Raw data:
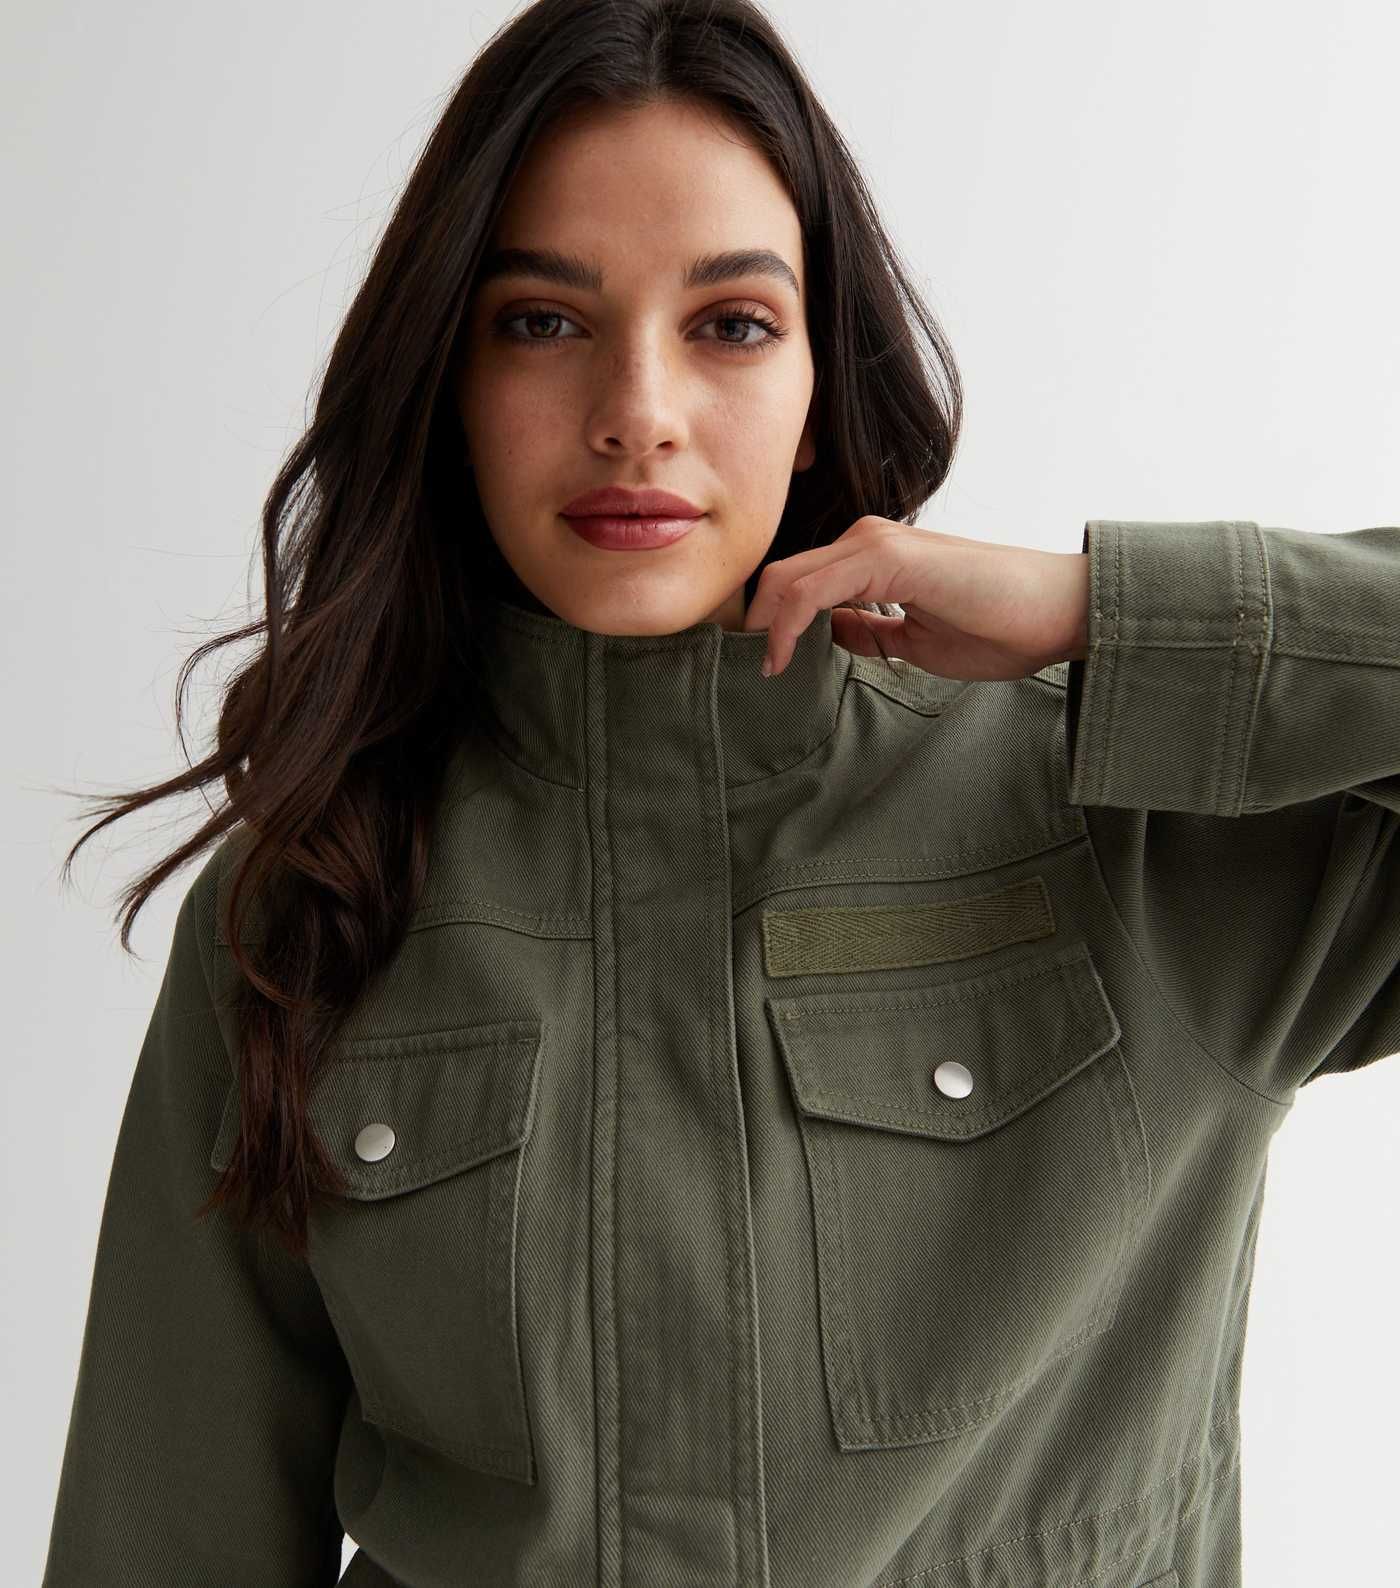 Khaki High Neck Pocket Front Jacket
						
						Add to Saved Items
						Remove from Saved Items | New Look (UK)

Required work: Go to the line with "Add to Saved Items" and set down that line and every line after it, through the end of the material above, word for word.

Task response:
						Add to Saved Items
						Remove from Saved Items | New Look (UK)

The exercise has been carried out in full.